(Dataset records)

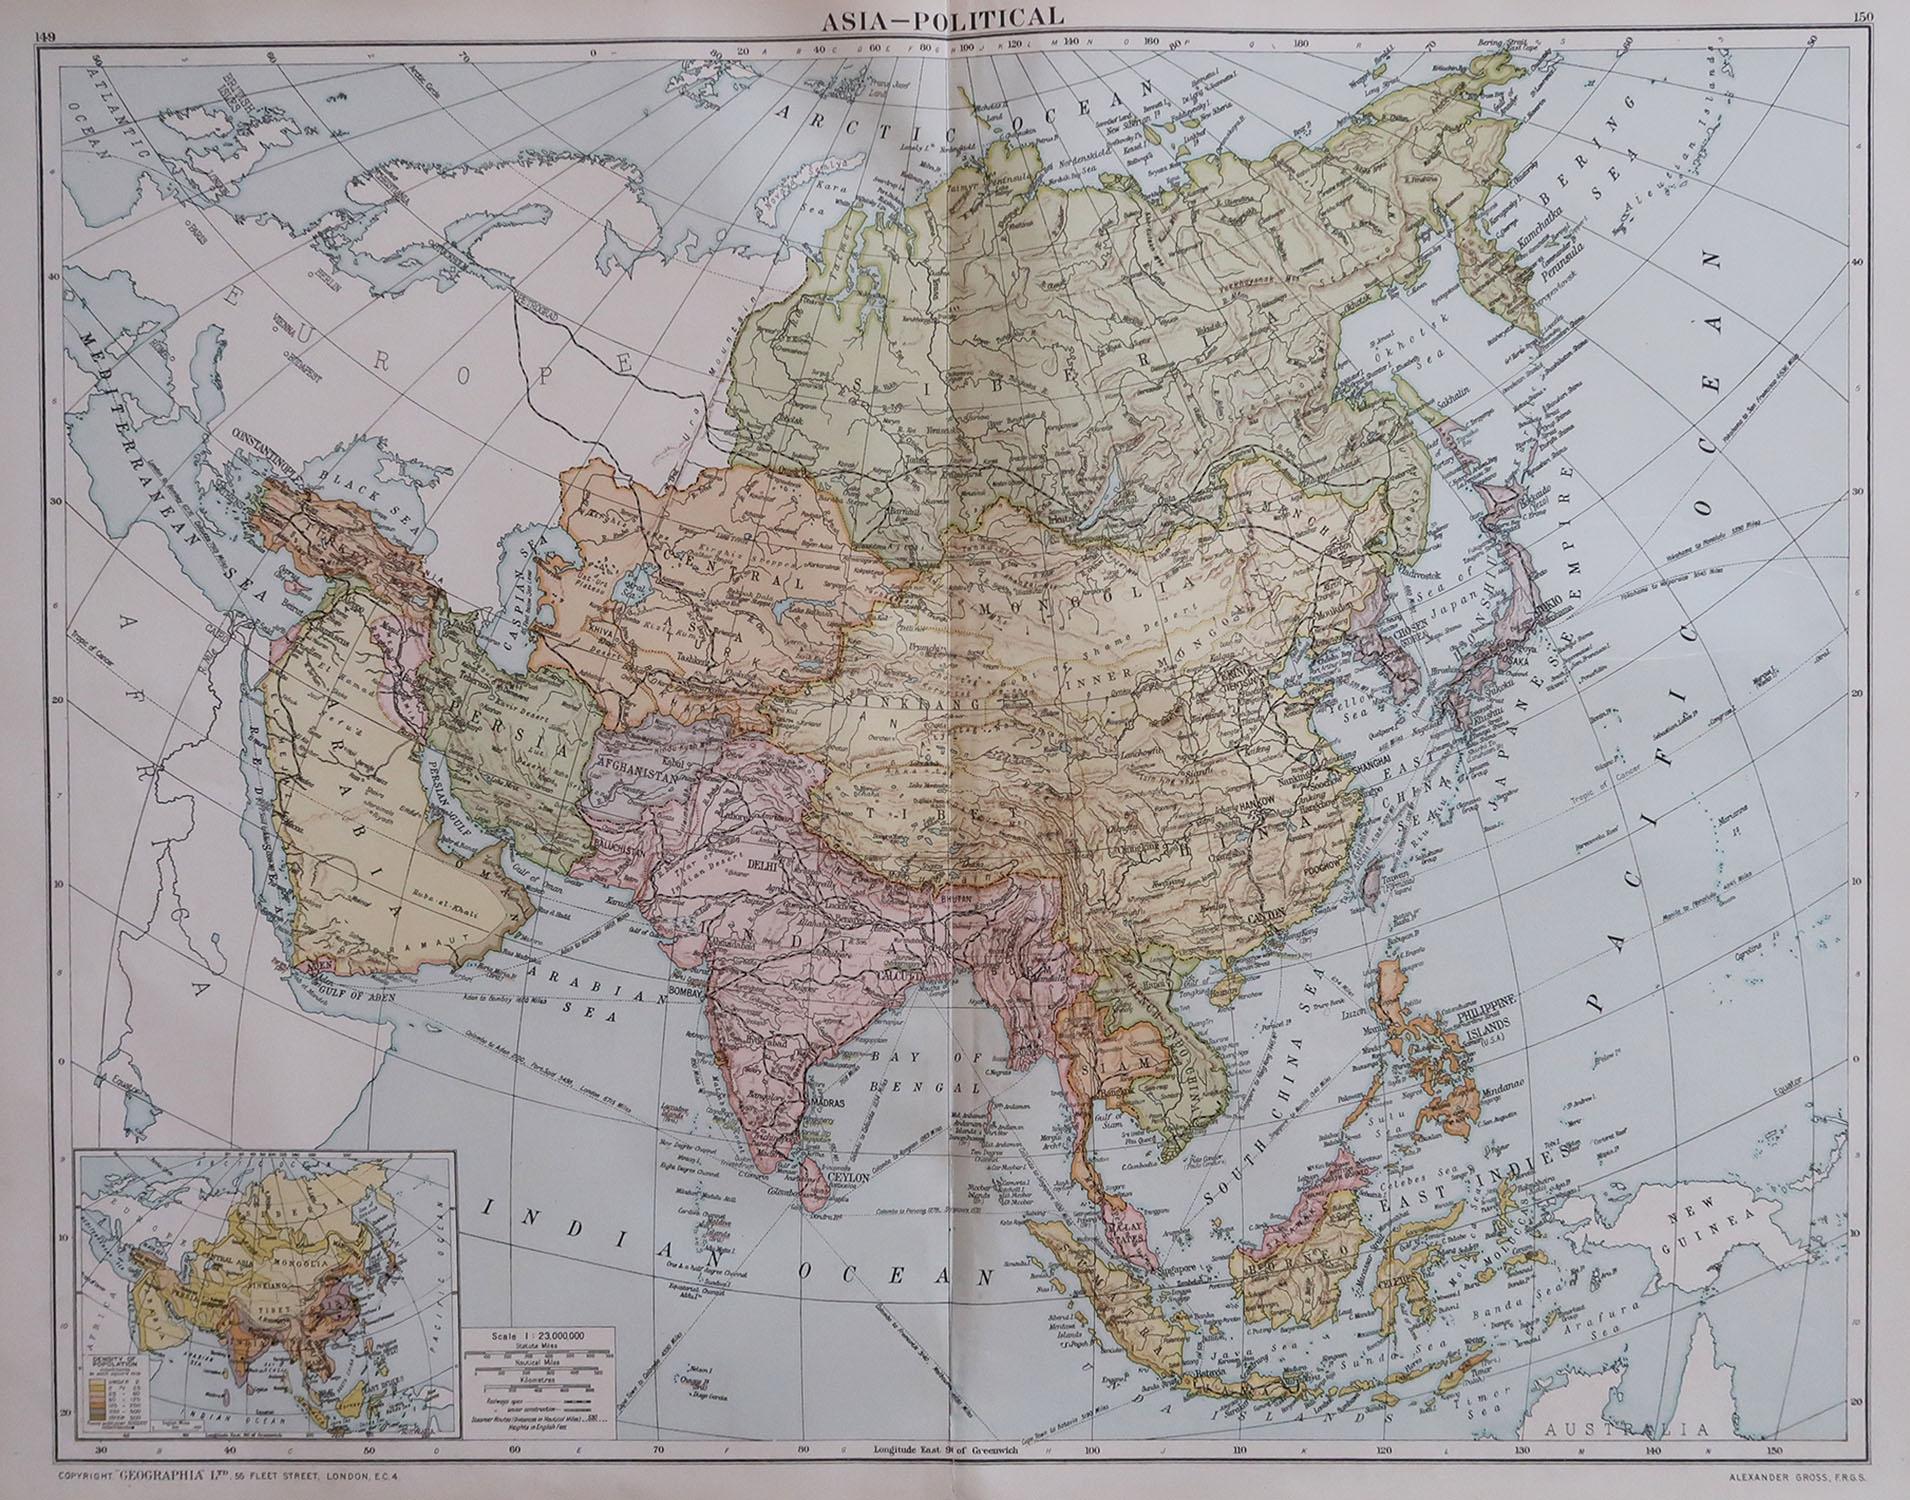 Great map of Asia

Original color. 

Good condition 

Published by Alexander Gross

Unframed.

▶ EXERCISE OBJECTIVE
Your reply should be nothing but the lines from the one containing "Good condition" through the last line above, copied exactly; please include both ends.

▶ EXERCISE SOLUTION
Good condition 

Published by Alexander Gross

Unframed.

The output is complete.